Prayag Bhati

Personal information
- Born: 24 September 1991 (age 33) Bombay, Maharashtra India
- Batting: Right-handed
- Bowling: Right-arm offbreak

Domestic team information
- 2012/13: Maharashtra
- Source: ESPNcricinfo, 30 January 2017

= Prayag Bhati =

Indian cricketer (born 1991)

Prayag Bhati (born 24 September 1991) is an Indian cricketer. He made his first-class debut for Maharashtra in the 2012–13 Ranji Trophy on 29 December 2012. He is a right-handed batsman and right-arm off-break bowler, Bhati has played for Maharashtra in Indian domestic competitions and currently represents teams in the Washington Cricket League.
==Career==
His tenure with Maharashtra spanned from the 2012/13 to the 2017/18 seasons. During this period, he participated in various formats, including first-class, List A, and Twenty20 matches. In the 2016–17 Inter-State Twenty20 Tournament, Bhati was part of the Maharashtra squad, contributing to the team's performance in the West Zone matches.

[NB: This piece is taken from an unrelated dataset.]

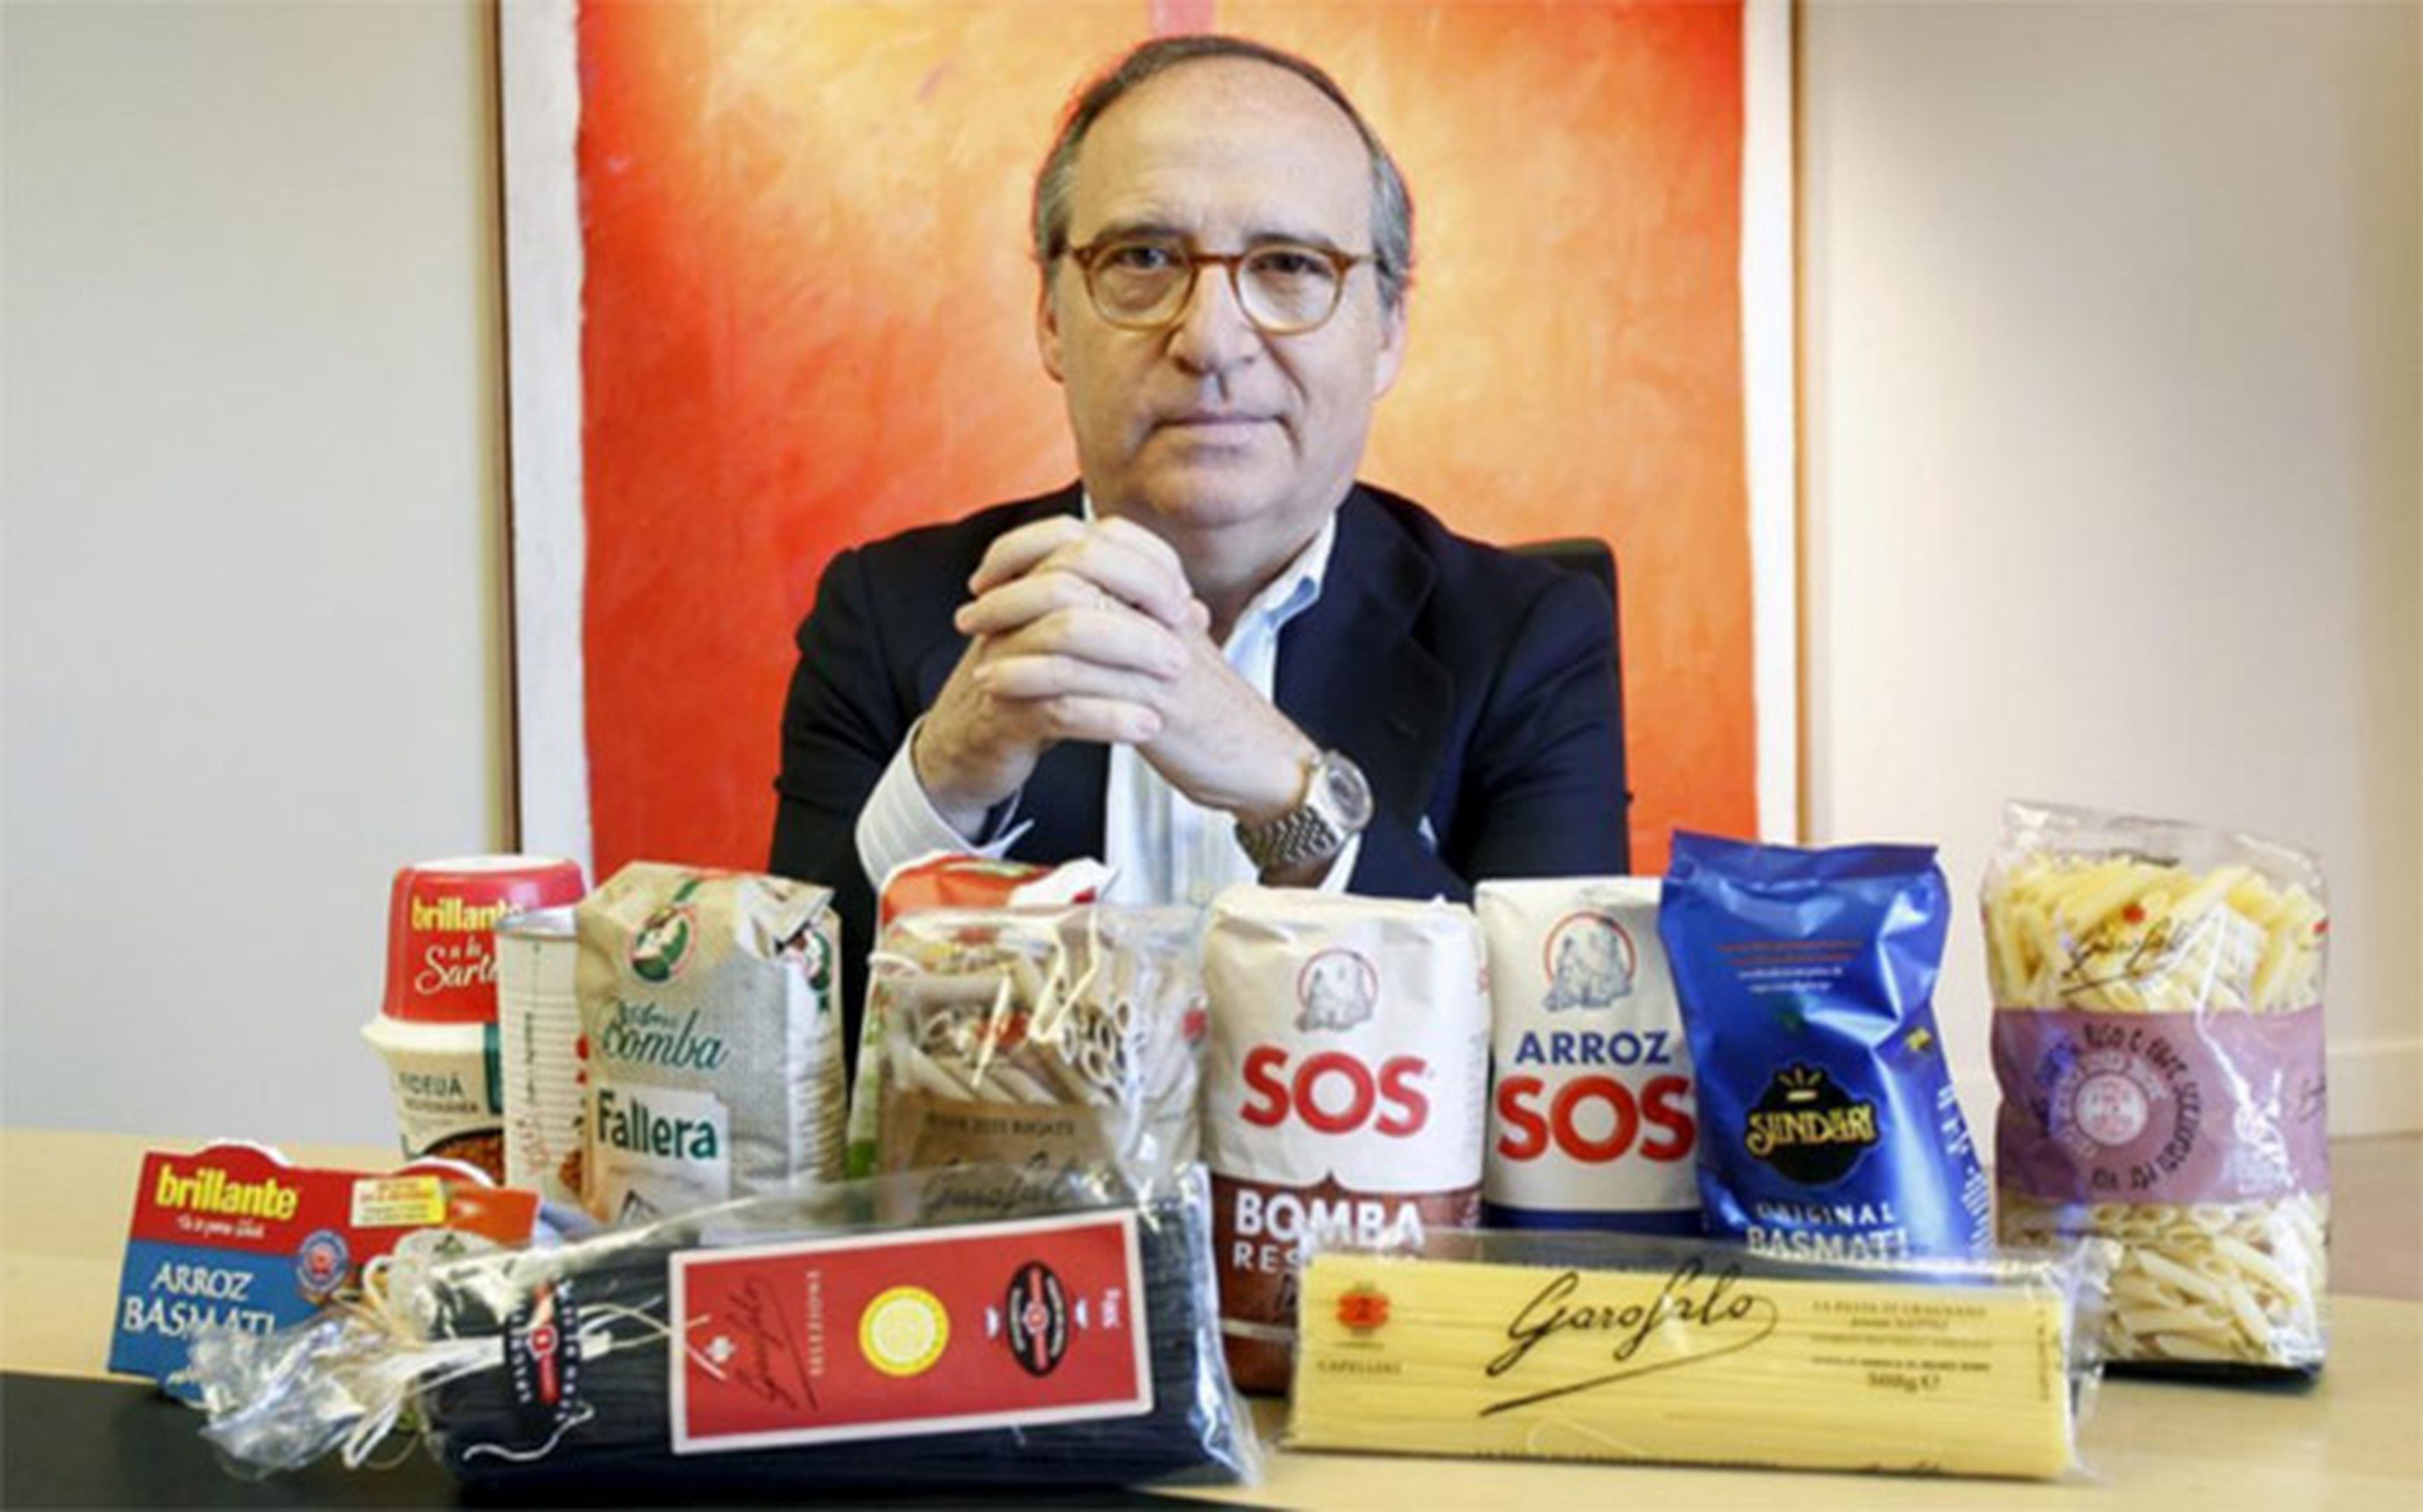 Antonio Hernández Callejas, presidente de Ebro Foods

He has played for Fairfax CC and Duronto Tigers CC in the Washington Cricket League and the Washington Metropolitan Cricket Board.

As of April 2025, he has played 71 matches on the CricHeroes platform, scoring over 2,500 runs and taking 27 wickets.

Throughout his career, Bhati has represented Mumbai Customs Cricket Club, Bandra Heroes, and Mumbai RSB Team.